Que-8: Find the equations of the line joining the points (a) A(1,1) and B(2,3) (b) P(3,3) and Q(7,6) (c) L(a,b) and M(b,a)
Sol: (a) The equation between two points is
y-y1 = {(y2-y1)/(x2-x1)} (x-x1)
Points are A(1,1) and B(2,3)
y-1 = {(3-1)/(2-1)} (x-1)
y-1 = 2(x-1)
y-1 = 2x-2
2x-y-1 = 0.
(b) The equation between two points is
y-y1 = {(y2-y1)/(x2-x1)} (x-x1)
Points are P(3,3) and Q(7,6)
y-3 = {(6-3)/(7-3)} (x-3)
y-3 = (3/4) (x-3)
4y-12 = 3x-9
3x-4y+3 = 0.
(c) The equation between two points is
y-y1 = {(y2-y1)/(x2-x1)} (x-x1)
Points are L(a,b) and M(b,a)
y-b = {(a-b)/(b-a)} (x-a)
y-b = -1 (x-a)
y-b = -x+a
x+y = a+b.
Que-9: The line represented by 3x+4y = 8 and px+2y = 7 are parallel. Find the value of p.
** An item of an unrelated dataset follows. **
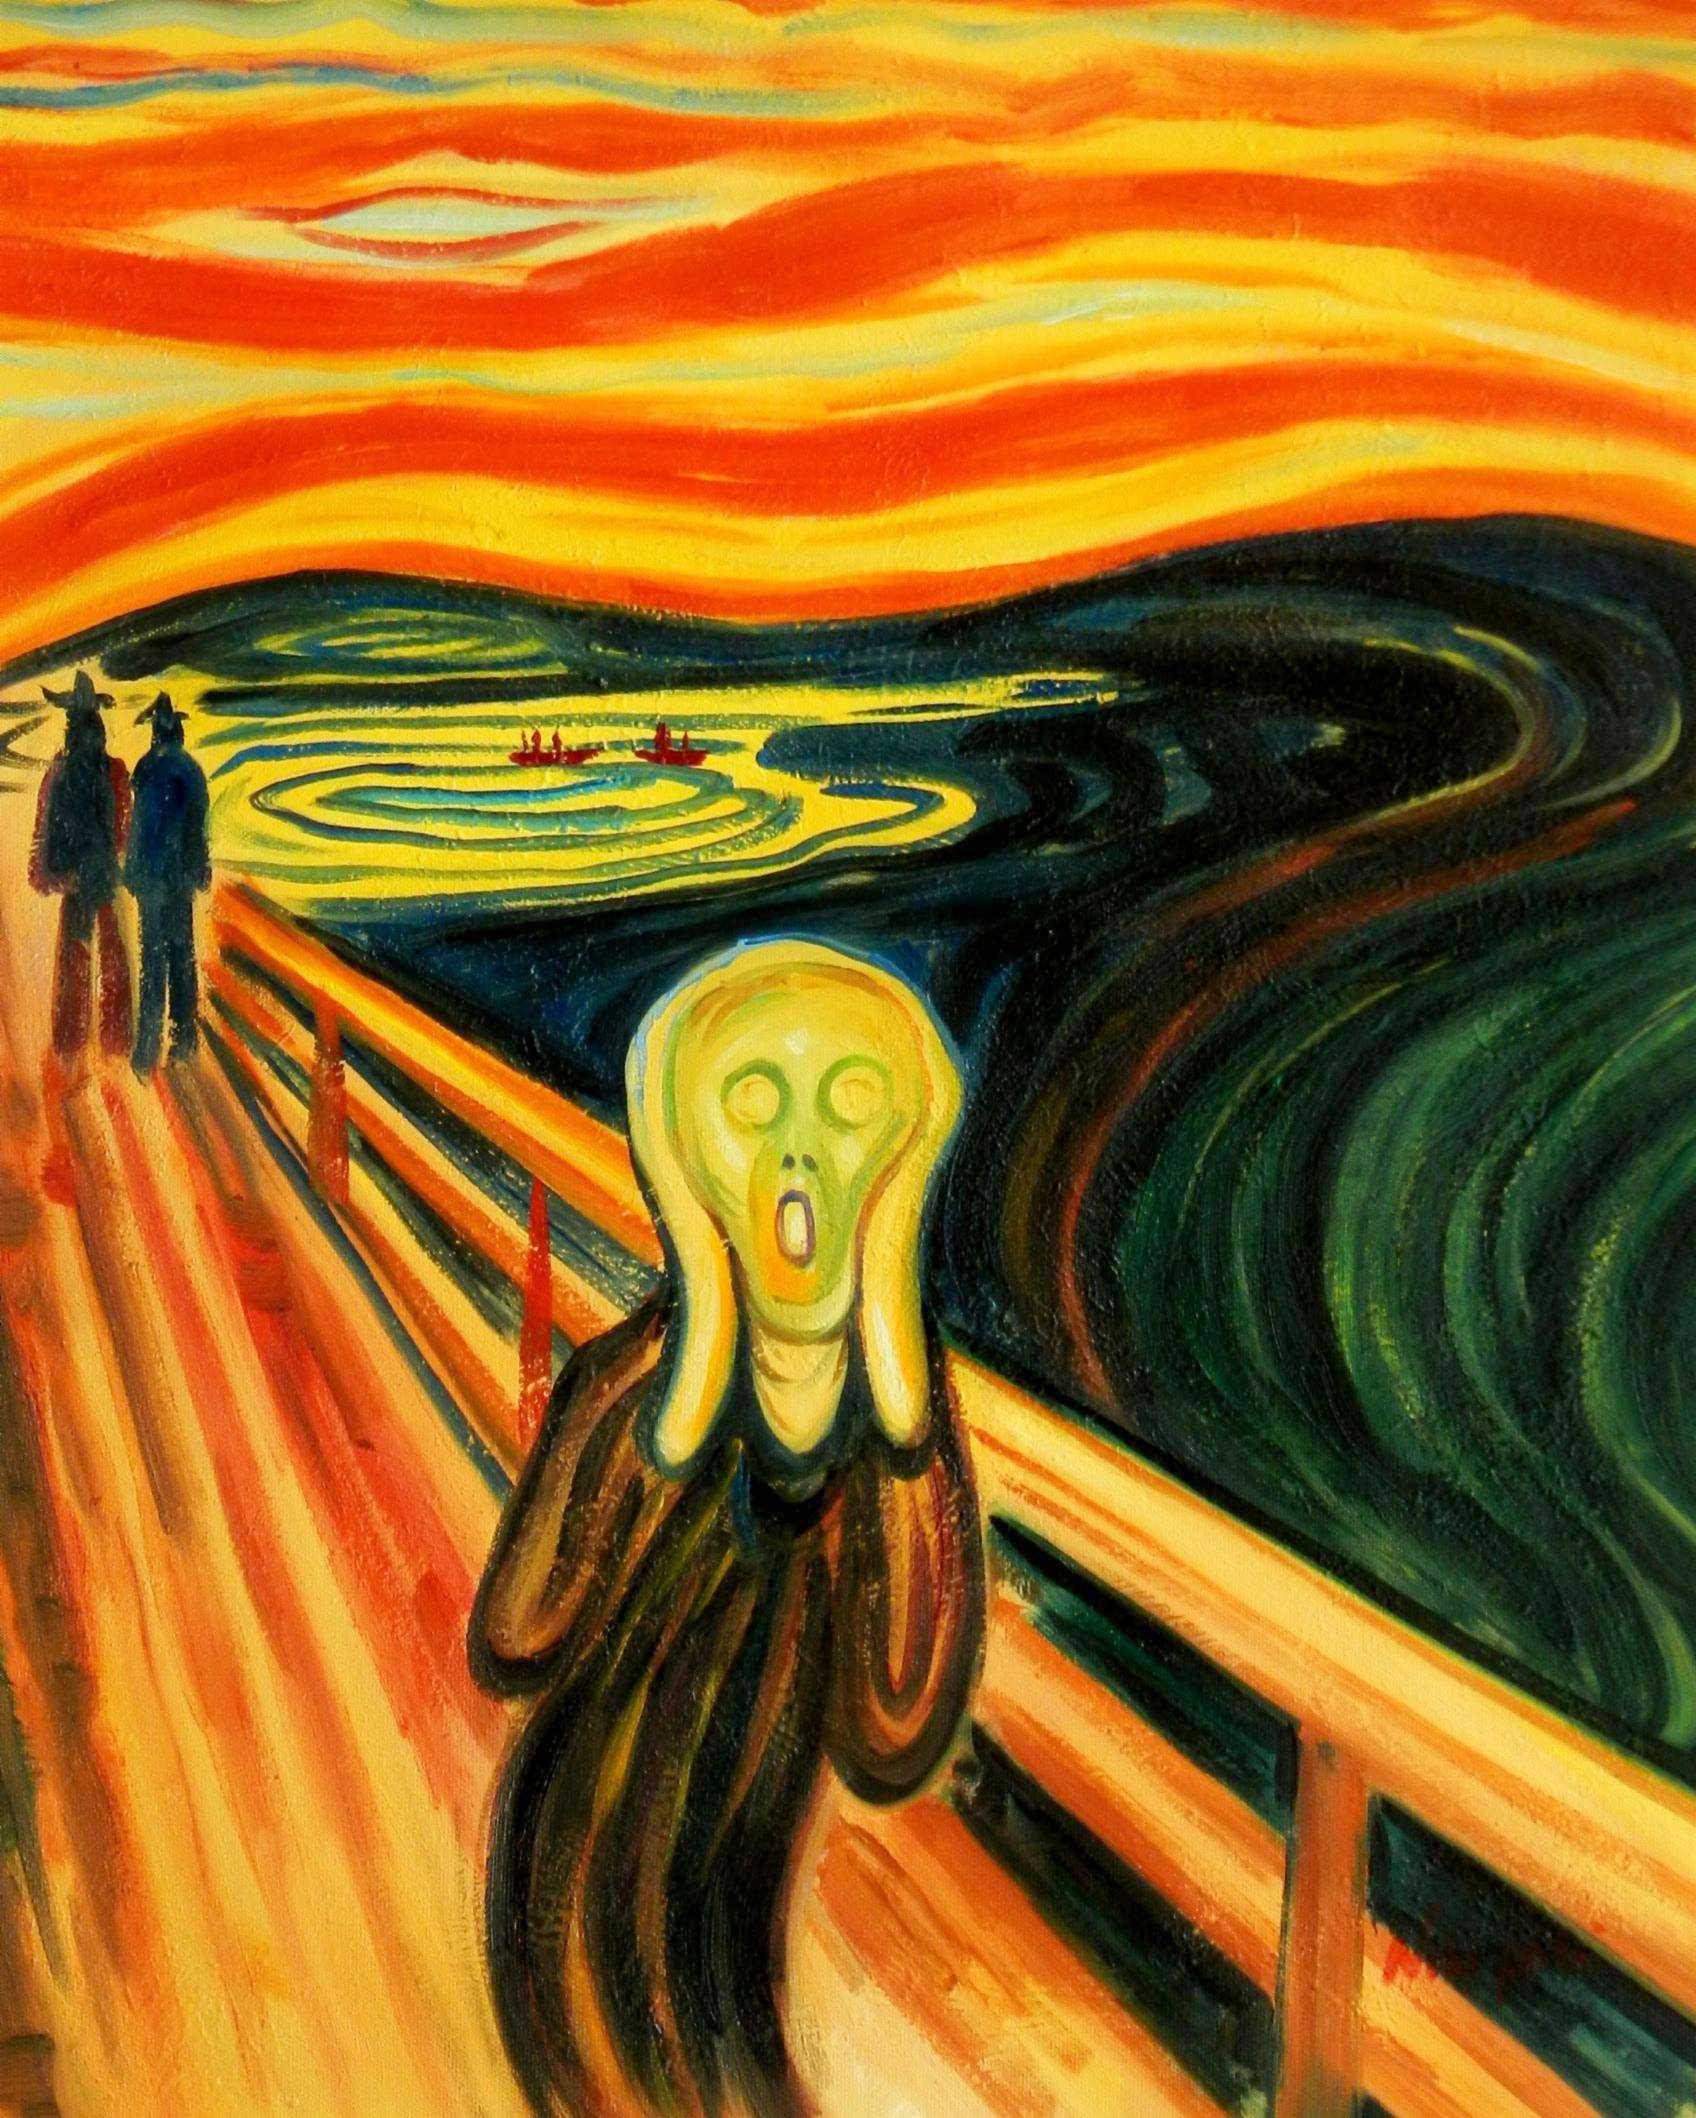 Edvard Munch - Der Schrei b94798 40x50cm handgemaltes Ölgemälde

Sol: Slope of line 3x+4y = 8
= 4y = -3x+8
= y = -3x/4 + 2
m1 = -3/4
Slope of line px+2y = 7
= 2y = -px+7
= y = -px/2 + 7/2
m2 = -p/2
If the lines are parallel then the slope are equal
m1 = m2
-3/4 = -p/2
p = (3×2)/4
p = 3/2.
Que-10: The coordinates of two points E and F are (0,4) and (3,7) respectively. Find : (i) the gradient of EF (ii) the equation of EF (iii) the coordinates of a point where the line EF intersects the x-axis.
Sol: coordinates of two points E and F are (0,4) and (3,7)
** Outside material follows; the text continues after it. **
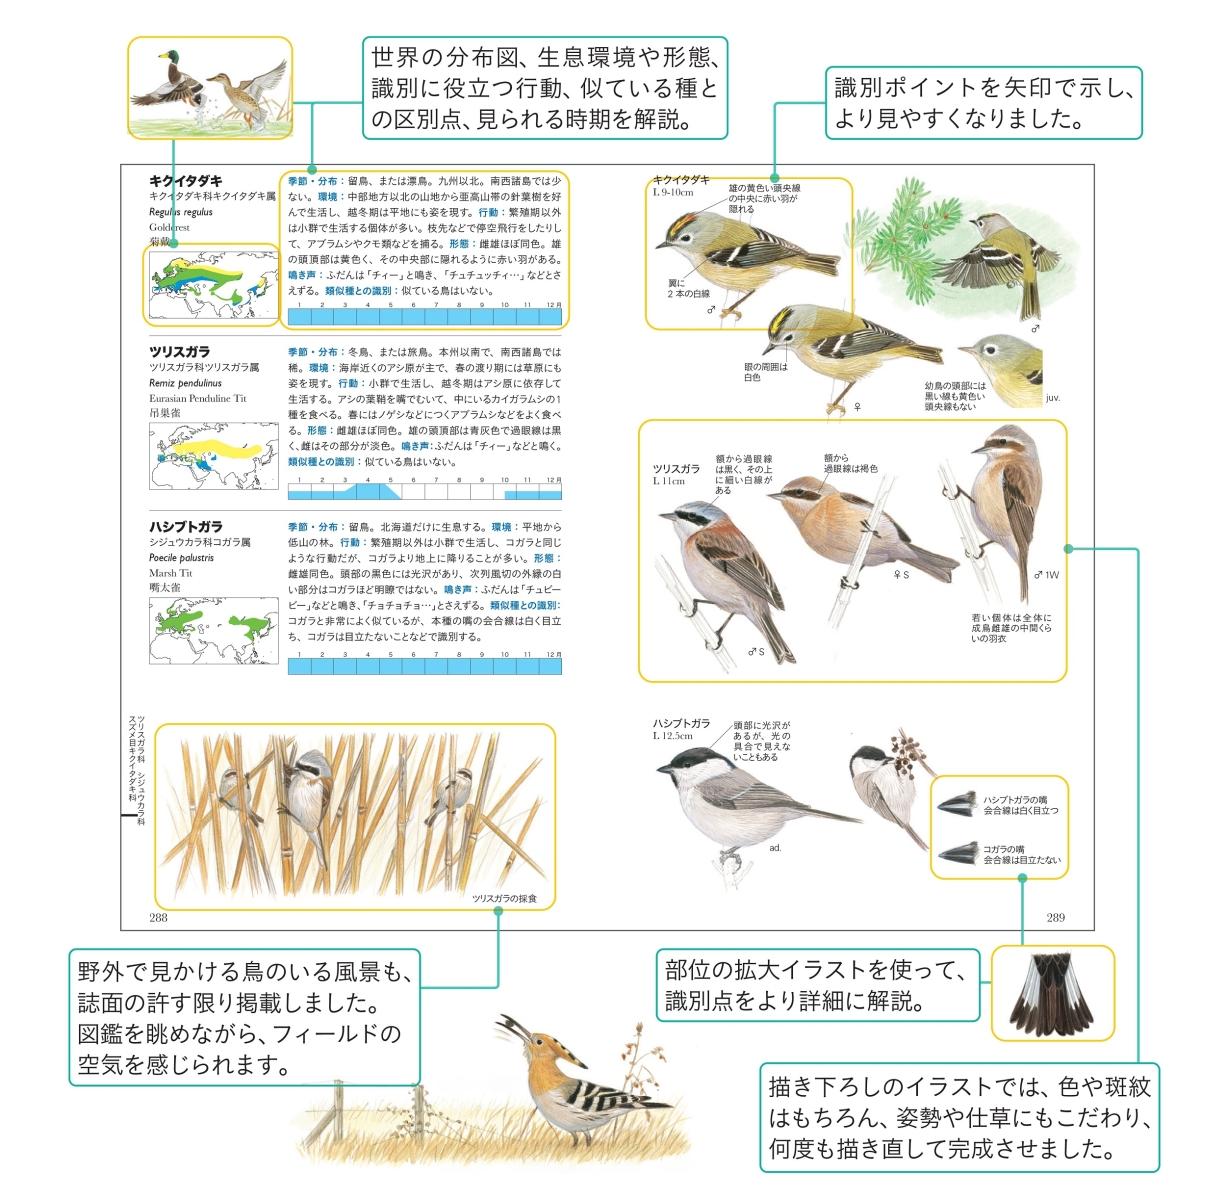 楽天ブックス: フィールド図鑑 日本の野鳥 第2版 - 水谷高英 ...

(i) slope (m) = (y2-y1)/(x2-x1)
m = (7-4)/(3-0) = 3/3 = 1
gradient = 1.
(ii) the equation of EF =
Y−7 = 1(x−3)
Y−7 = x−3
x−y+4 = 0
(iii) the coordinates of point where EF intersects the x-axis
Y = 0
∴ x+4 = 0
⇒ x = −4
coordinates are (−4,0)
Que-11: P, Q, R have coordinates (-2,1), (2,2) and (6,-2) respectively. Write down : (i) the gradient of QR (ii) the equation of the line through P perpendicular to QR
Sol: (i) Gradient of QR (m) = (y2-y1)/(x2-x1)
m = (-2-2)/(6-2) = -4/4 = -1
gradient = -1.
(ii) the equation of P =
Y−1 = 1(x+2)
Y−1 = x+2
x-y+3 = 0.
Que-12: A line 3x-4y+12 = 0 meets the x-axis at the point P. Find the equation of the line through P, perpendicular to the line 3x+5y-15 = 0.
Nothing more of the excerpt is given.